Medicaid Mysteries: Transitional Benefits, Medicaid Coverage, and Welfare Exits

Article excerpt

Medicaid mysteries: Transitional benefits, Medicaid coverage, and welfare exits

Introduction

Both logic and anecdote suggest that Medicaid ought to have an important influence on welfare dynamics and movements to self-support. For every dollar spent in fiscal year 1987 providing cash support to families enrolled in the Aid to Families with Dependent Children (AFDC) program, another 69 cents was spent providing AFDC-related Medicaid protection (Committee on Ways and Means, 1989). (1) And unlike cash benefits which phase out as income rises, Medicaid benefits are typically provided in full or not at all. (2) Economic theory would certainly predict some important impacts of a benefit program of this magnitude. Moreover, welfare clients and administrators assert that the loss of Medicaid benefits is one of the major obstacles to leaving welfare and seeking market employment.

Largely to overcome the likely disincentives that loss of Medicaid coverage might have for those thinking about leaving welfare, Congress has enacted several types of transitional Medicaid protection. For a number of years, when someone left welfare for work, they were, in principle, eligible for at least 4 months of transitional Medicaid-only coverage. The Family Support Act of 1988 (Public Law 100-485) expanded transitional benefits further.
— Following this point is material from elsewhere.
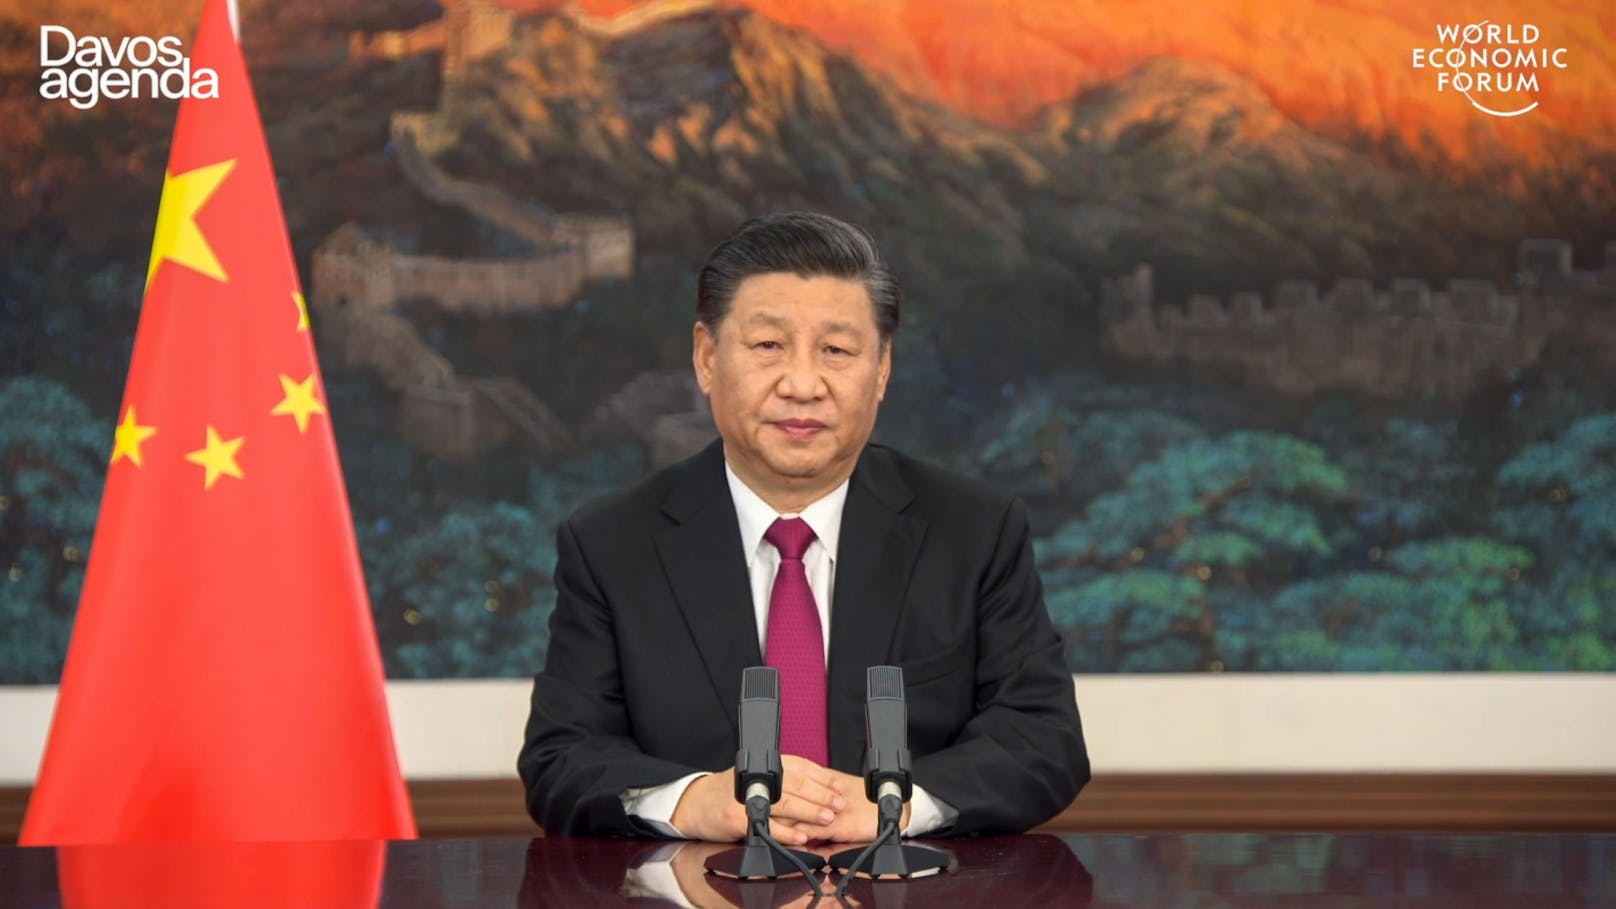 Xi Jinping sprach im Rahmen des Weltwirtschaftsforums.

Yet there has been relatively little systematic empirical work that looks descriptively at the dynamics of Medicaid or the use of transition benefits. The only article documenting Medicaid dynamics in detail is Short, Cantor, and Monheit (1988). It does not examine transitional benefits at all. Only a couple of major papers empirically examine whether the loss of Medicaid actually deters exists from welfare. Blank (1989) found little evidence that the State level of Medicaid benefits or the presence of a medically needy program had any significant influence on welfare participation. But Blank's sample allowed her to separately identify only four States, and so she had little cross-state variation with which to identify Medicaid effects.
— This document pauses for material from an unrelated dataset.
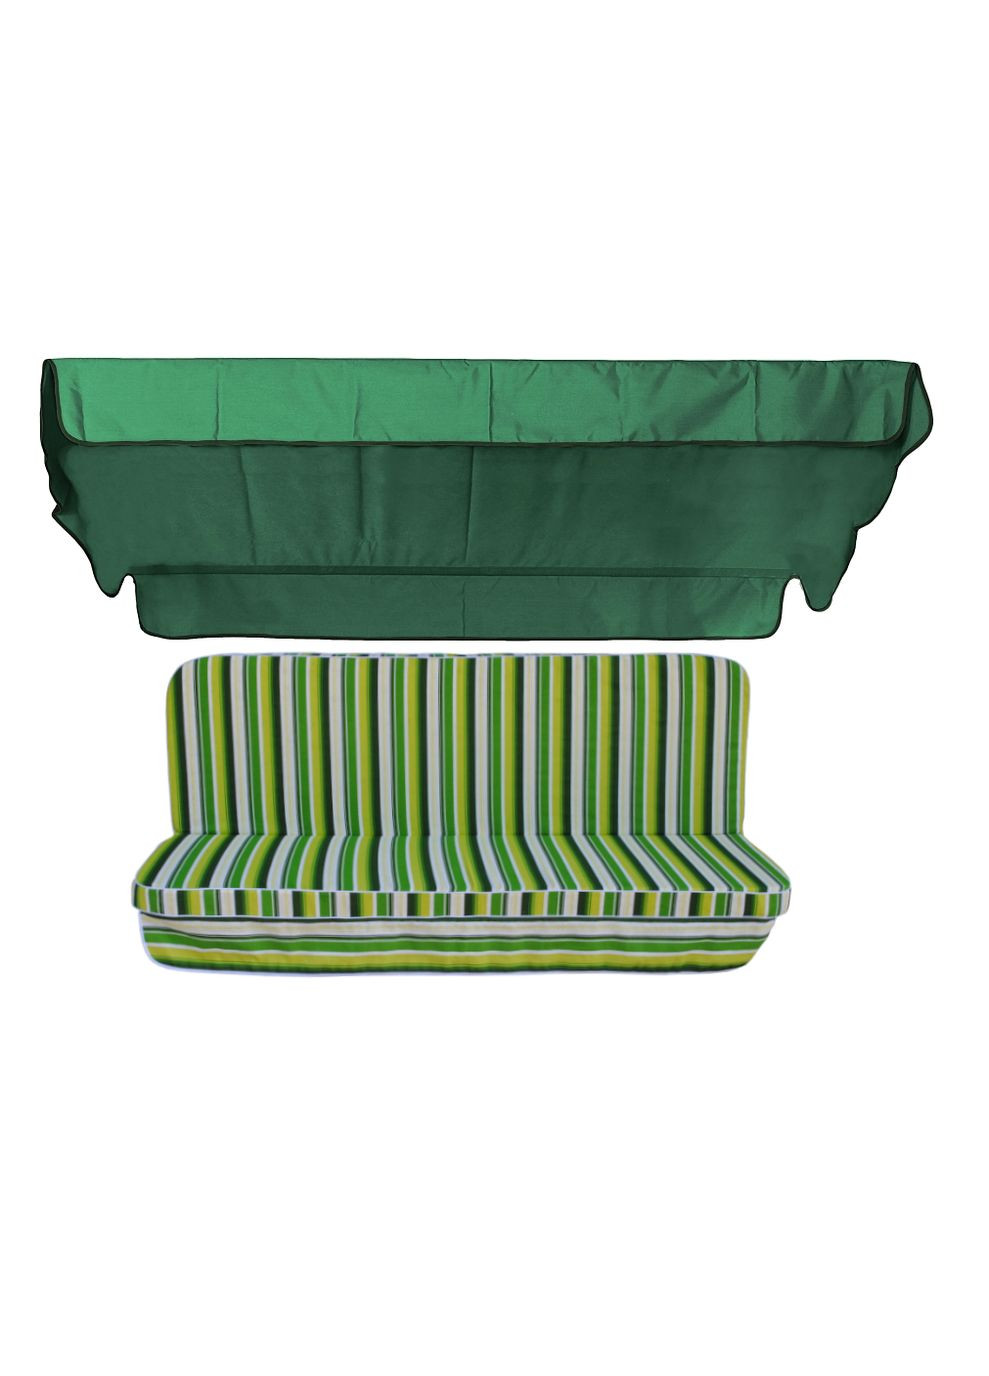 Комплект подушек для качелей Verrano 170x110x6 зеленый тент 120x200 eGarden (279784111)

The only paper that used longitudinal data to examine the links between the loss of Medicaid and welfare exits is Moffitt and Wolfe (1989). They used a sophisticated model with individual data drawn from the Survey of Income and Program Participation (SIPP) to examine the impacts of Medicaid. They found very strong effects of private insurance (or the lack thereof) on AFDC participation. They estimated that AFDC caseloads would drop by 10 percent if all working female heads of households were guaranteed private insurance. And if all working female household heads were given coverage equivalent to that of Medicaid, the caseload was projected to drop by 16 percent. They also found that families with higher expected Medicaid benefits (presumably because of greater medical need) are more likely to participate in AFDC. The incentive effects of Medicaid appear to operate chiefly with people expecting very high medical costs.
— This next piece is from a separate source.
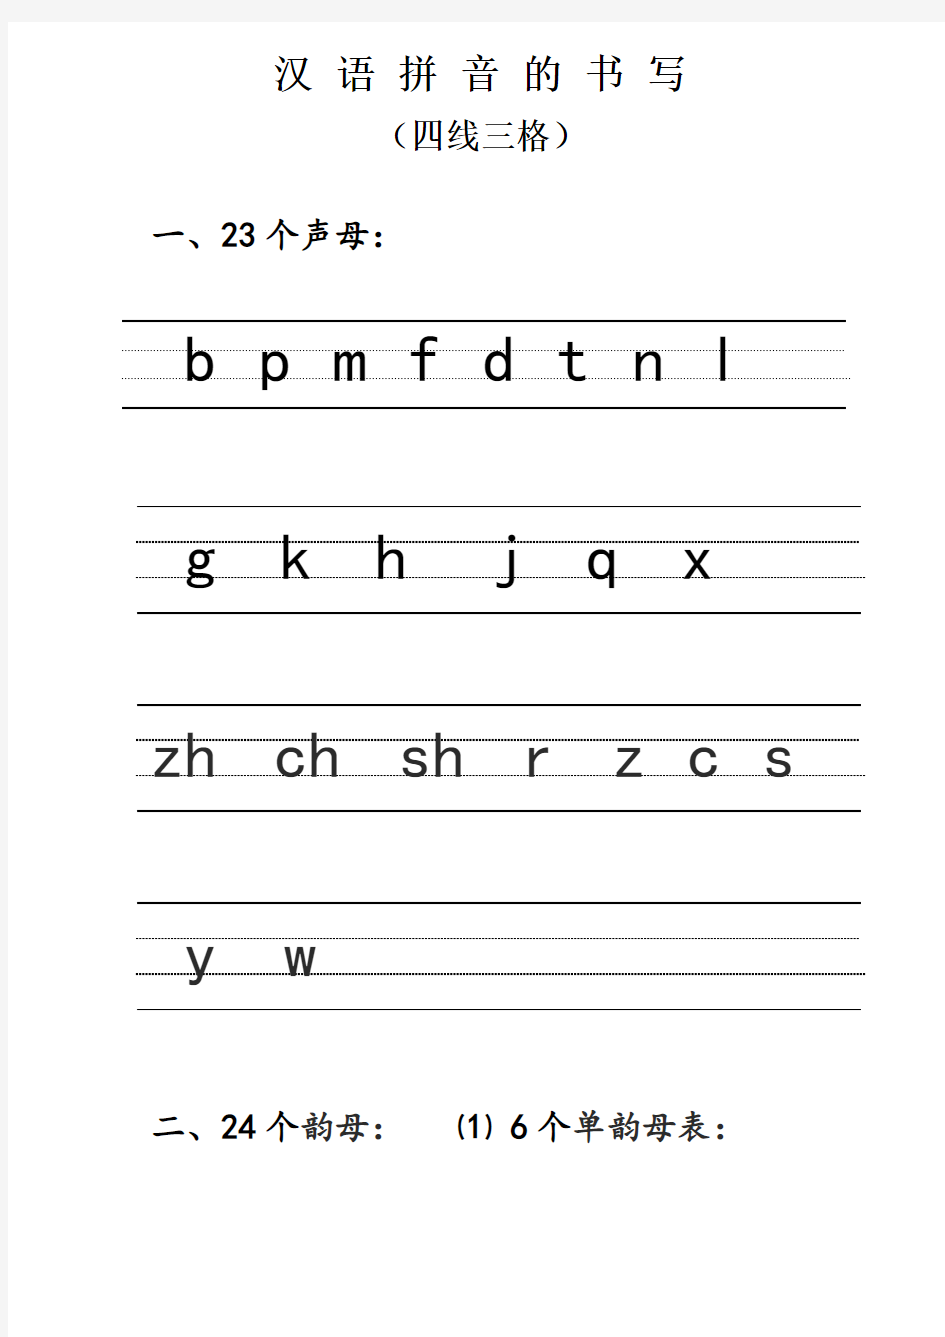 汉语拼音的书写格式_(四线三格)

In contrast to previous efforts, this article, drawn from a larger report Medicaid Mysteries: Medicaid and Welfare Dynamics (Ellwood et al., 1990), examines Medicaid dynamics and behavioral impacts using actual program data from Medicaid in two States, California and Georgia. We begin with a brief review of Medicaid eligibility provisions and consider whether or not welfare recipients can be expected to understand the transitional provisions. Next we discuss our unique data set. We then explore two main questions: First, what happens to Medicaid coverage once people leave cash assistance, and, in particular, how many people get some type of transitional or ongoing Medicaid-only coverage? Second, are families with high expected future medical costs less likely to leave cash assistance, and if so, is lack of medical coverage the reason such families are hesitant to leave?